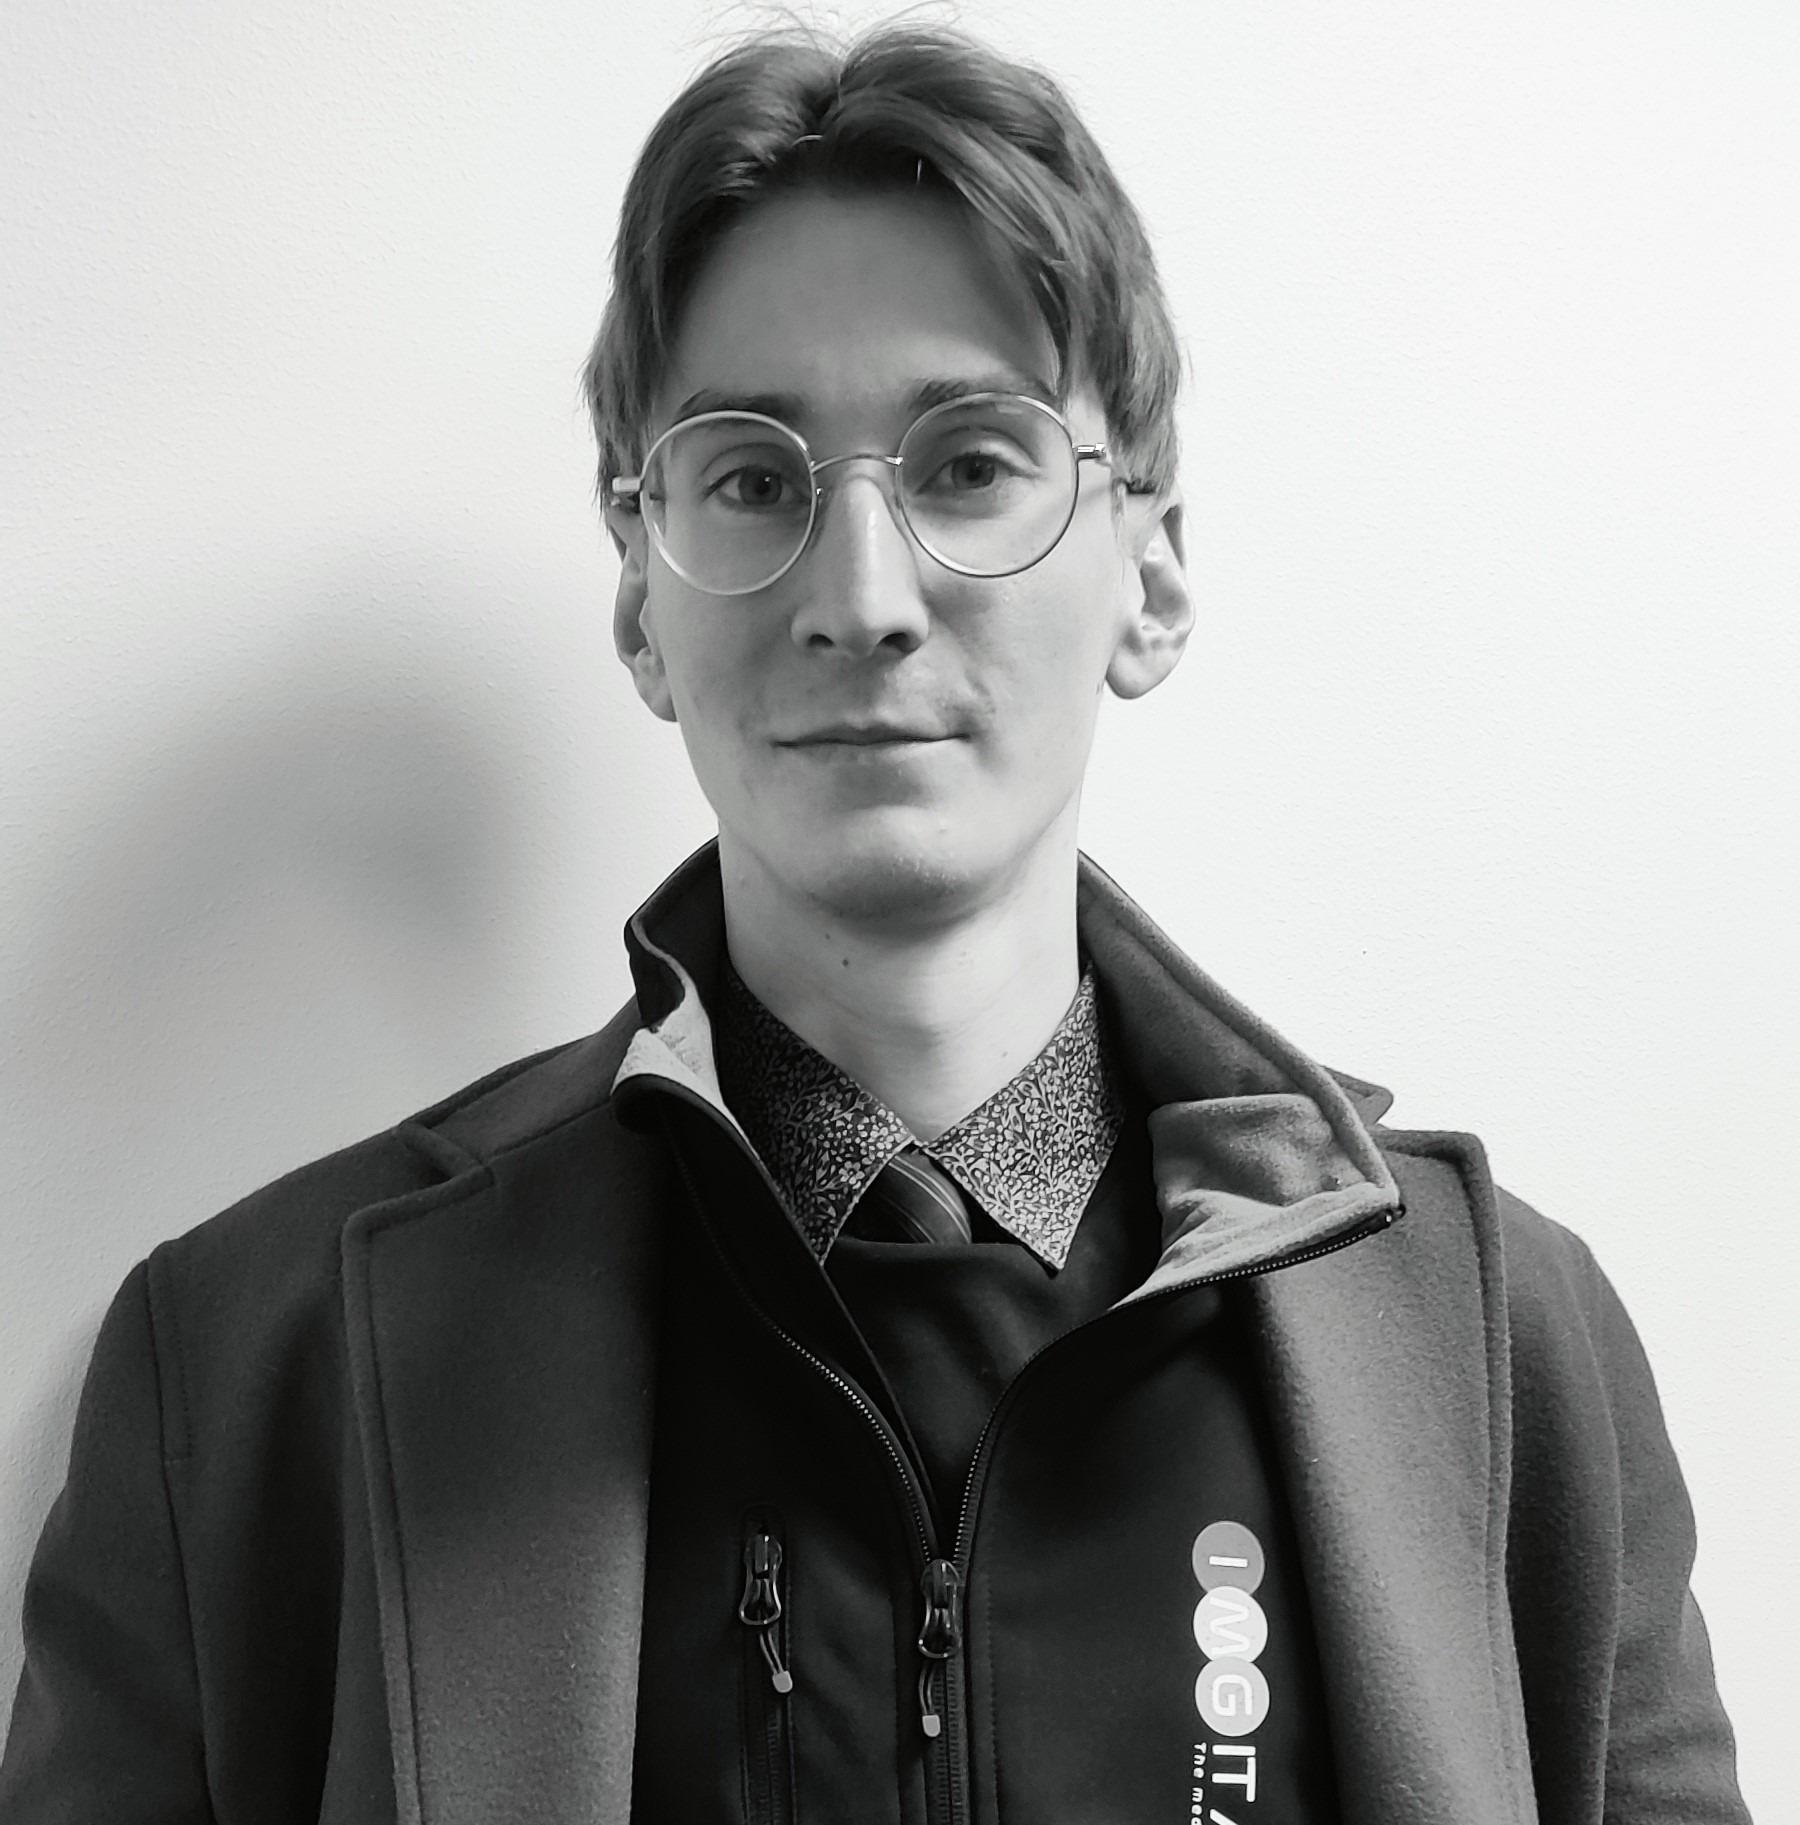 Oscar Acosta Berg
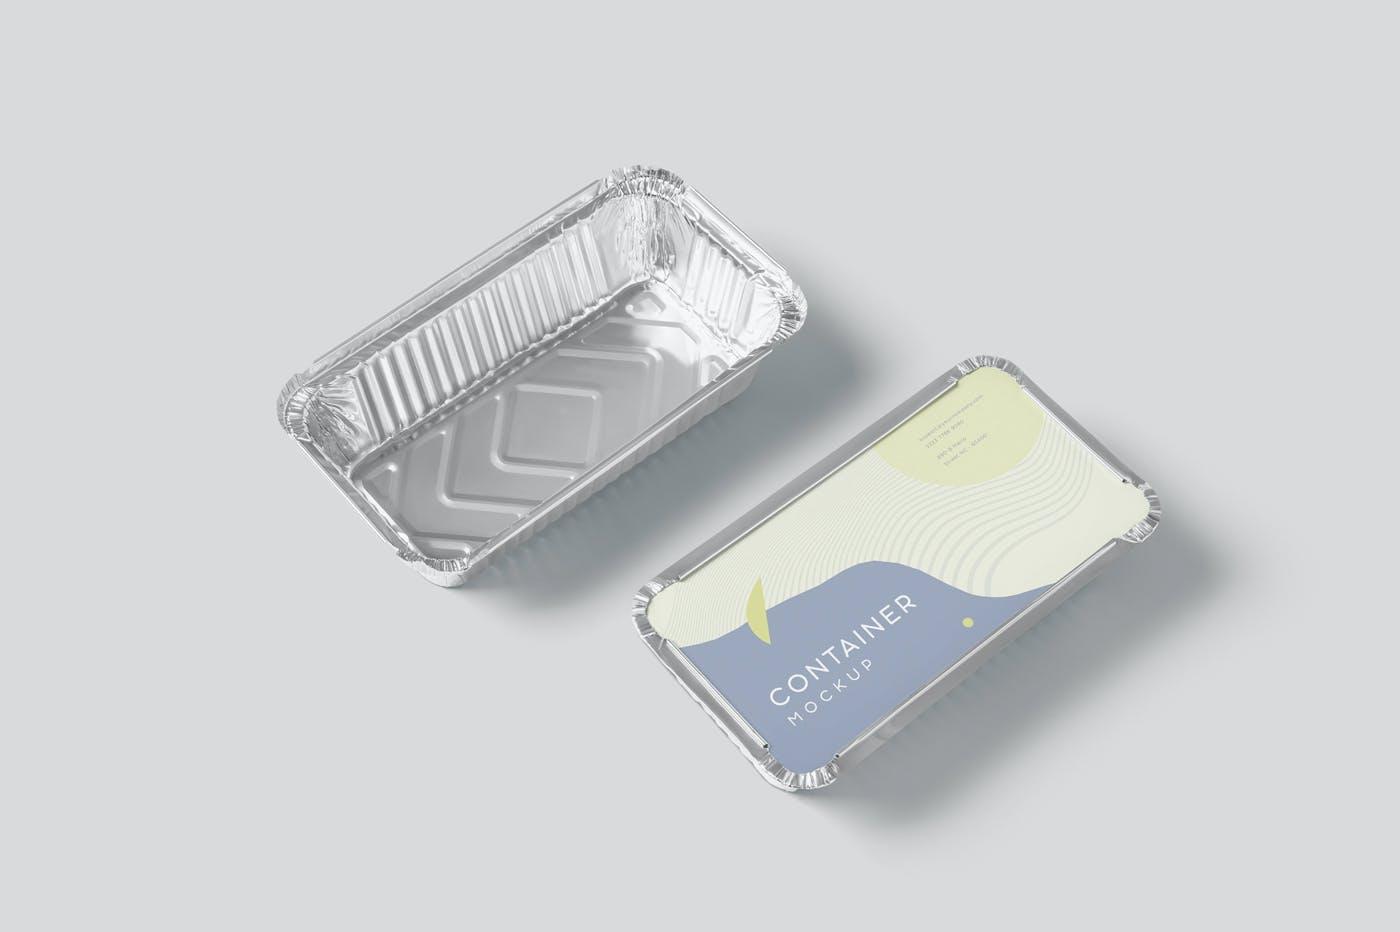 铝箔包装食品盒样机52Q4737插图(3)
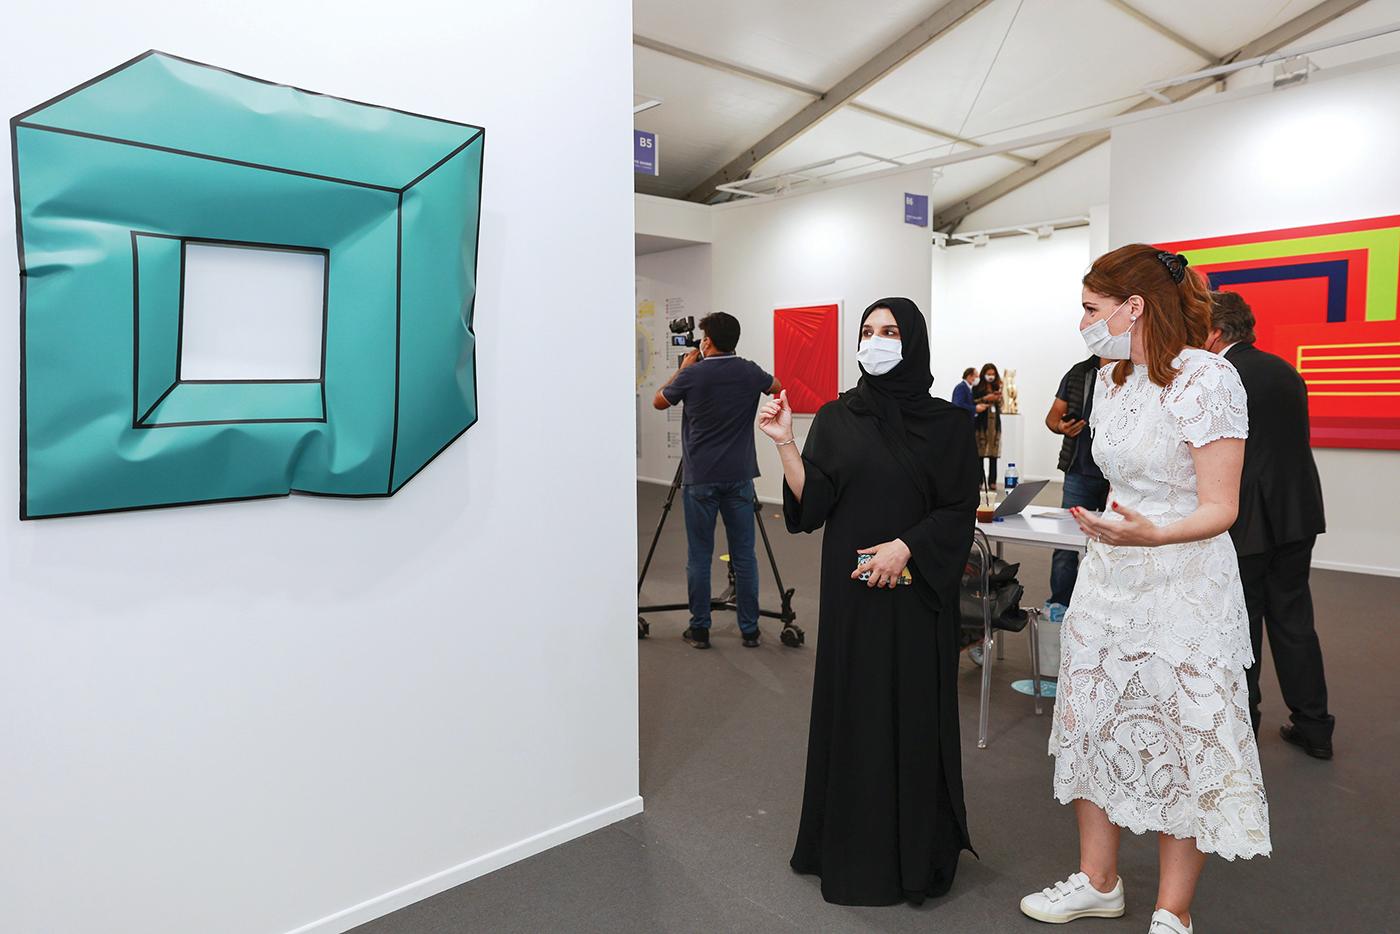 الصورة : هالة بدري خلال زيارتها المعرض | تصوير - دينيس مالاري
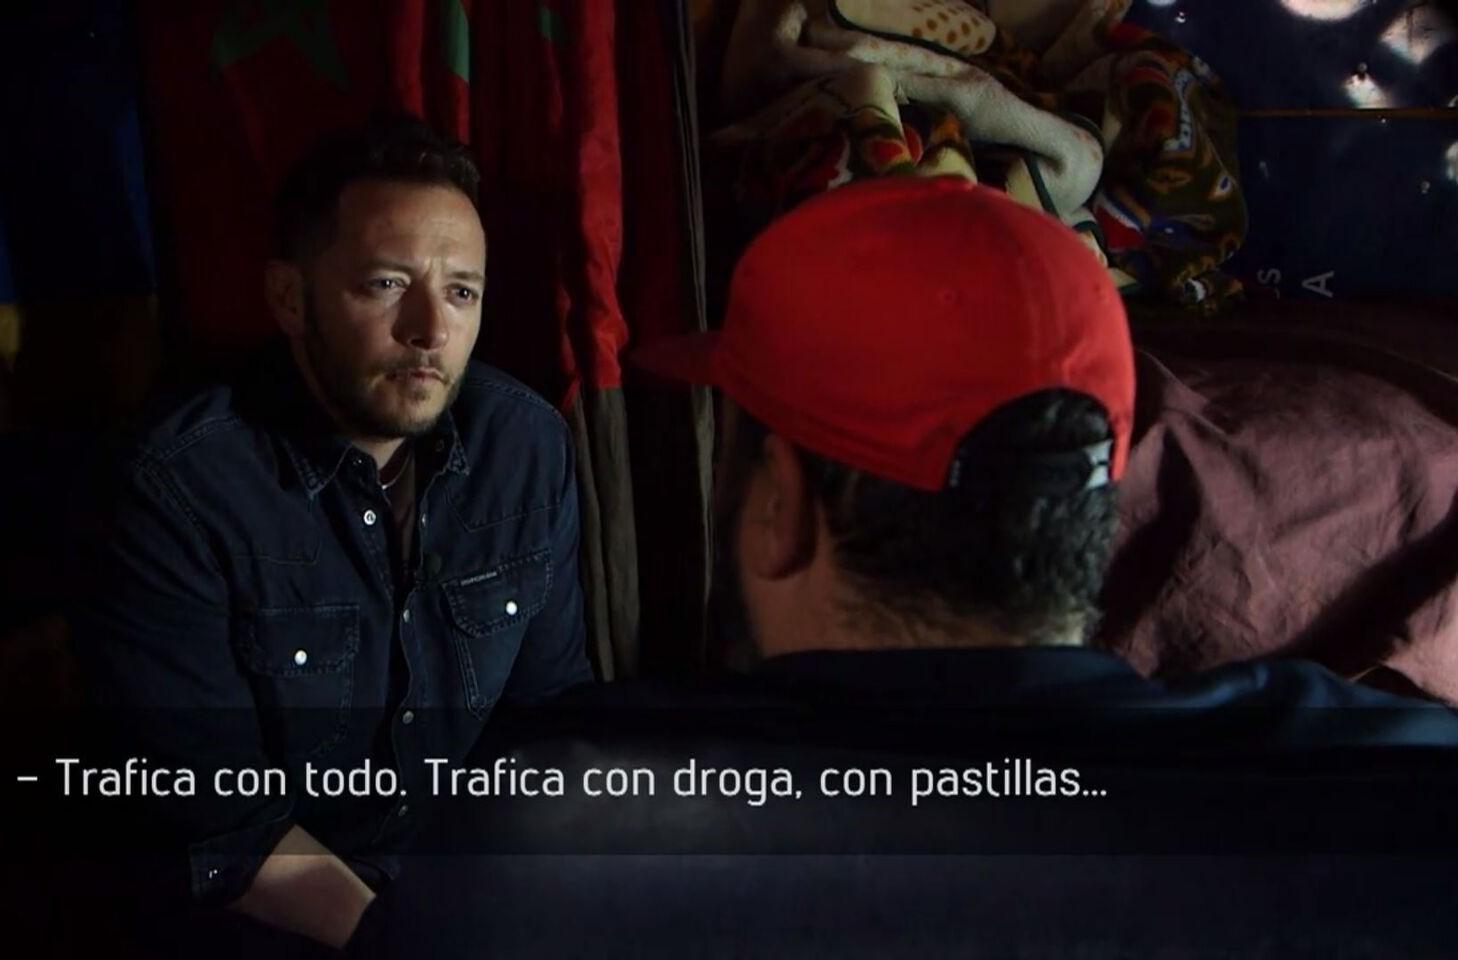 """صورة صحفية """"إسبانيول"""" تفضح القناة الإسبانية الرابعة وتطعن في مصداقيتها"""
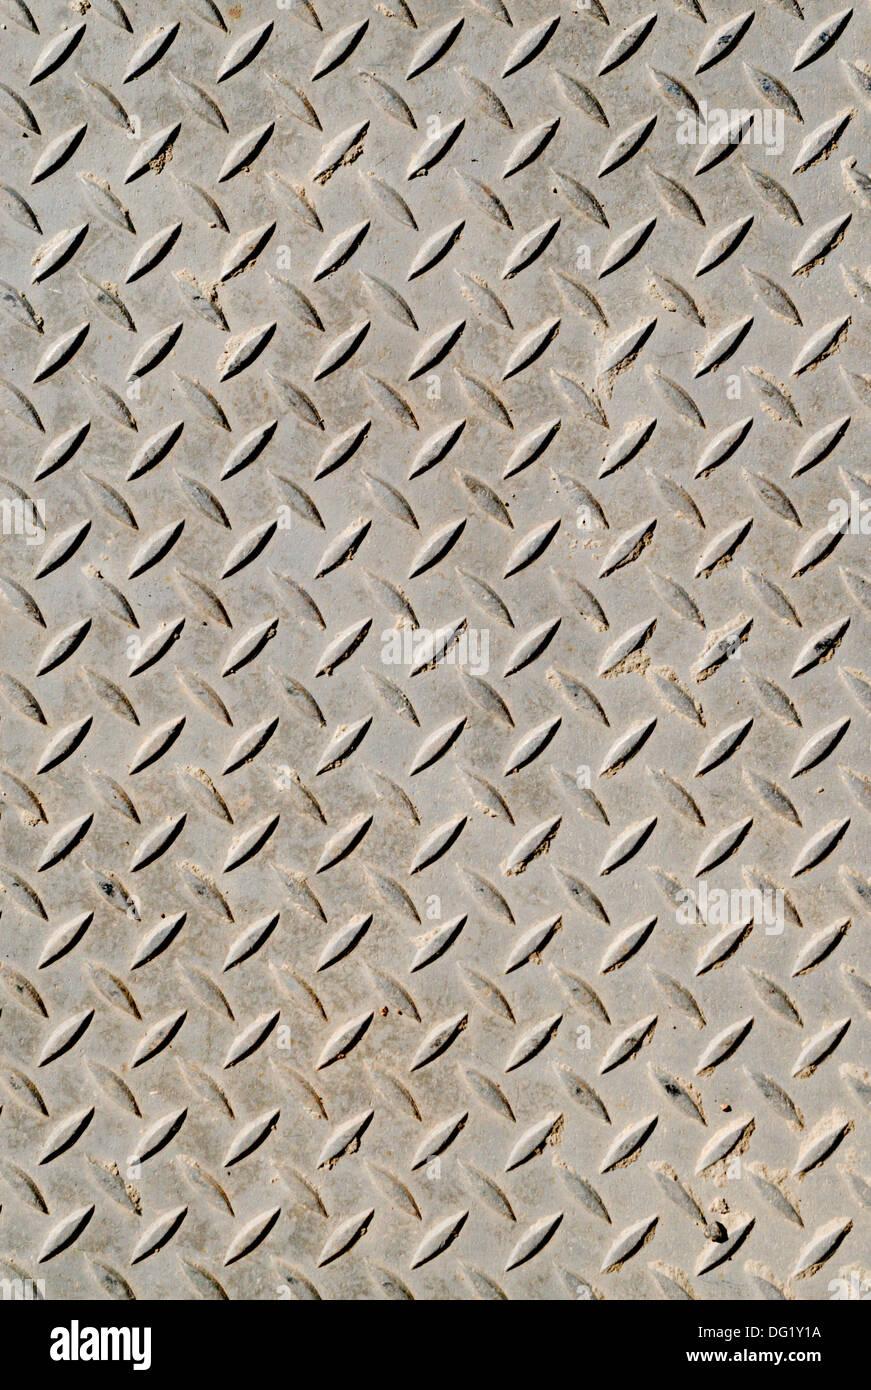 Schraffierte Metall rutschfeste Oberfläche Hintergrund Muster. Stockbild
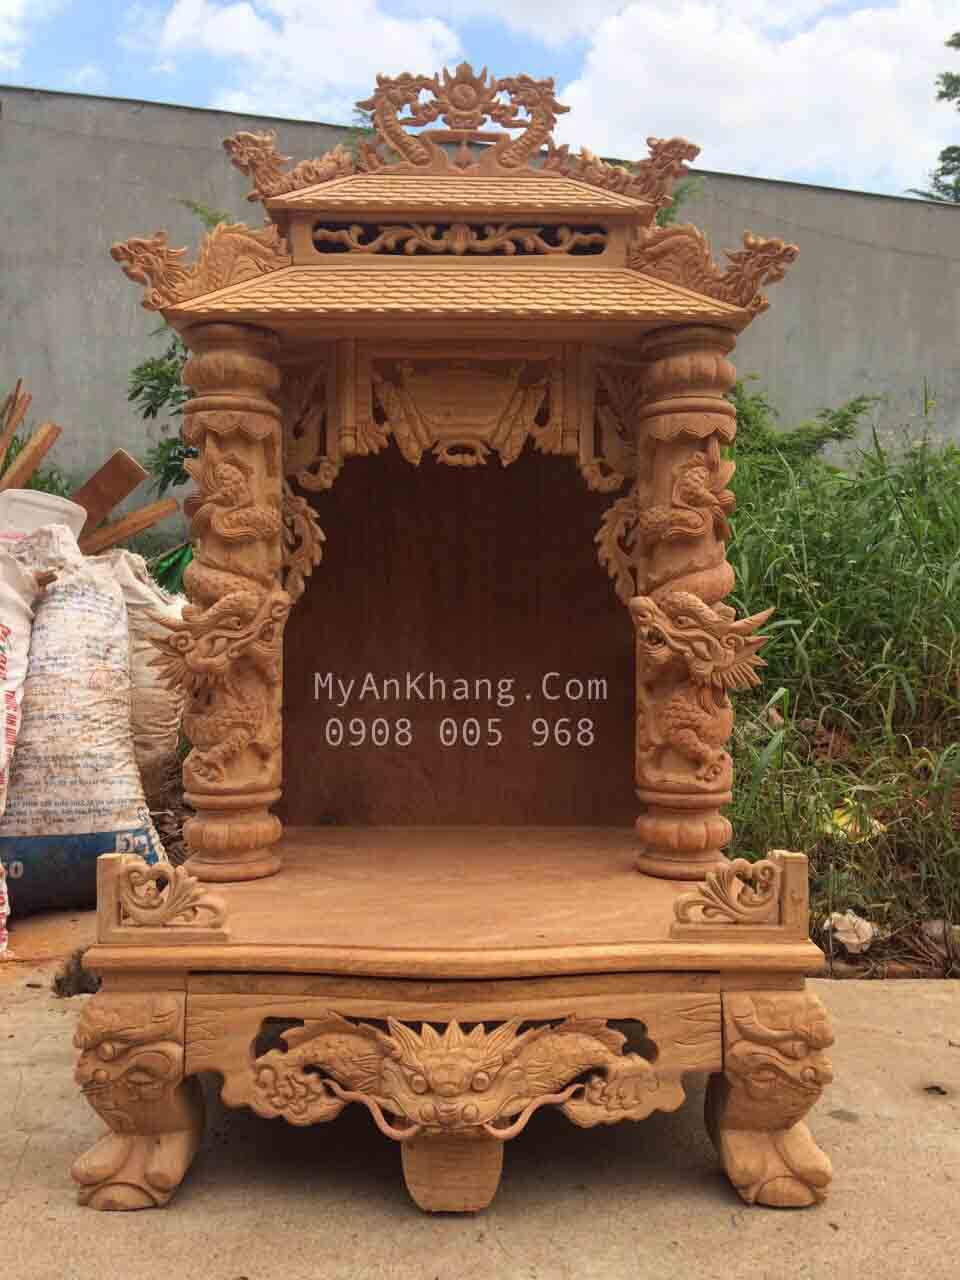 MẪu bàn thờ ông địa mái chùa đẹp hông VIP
○ ○ ○ ○ ○ ○ ○
→ **Directions for this task**: Line by line and exactly, reproduce the span from the line with "铝箔包装食品盒样机52Q4737插图(3)" through the end of the data above, both ends included, with pictures left out.

→ **Solution to this task**:
 铝箔包装食品盒样机52Q4737插图(3)
 الصورة : هالة بدري خلال زيارتها المعرض | تصوير - دينيس مالاري
 """صورة صحفية """"إسبانيول"""" تفضح القناة الإسبانية الرابعة وتطعن في مصداقيتها"""
 Schraffierte Metall rutschfeste Oberfläche Hintergrund Muster. Stockbild
 MẪu bàn thờ ông địa mái chùa đẹp hông VIP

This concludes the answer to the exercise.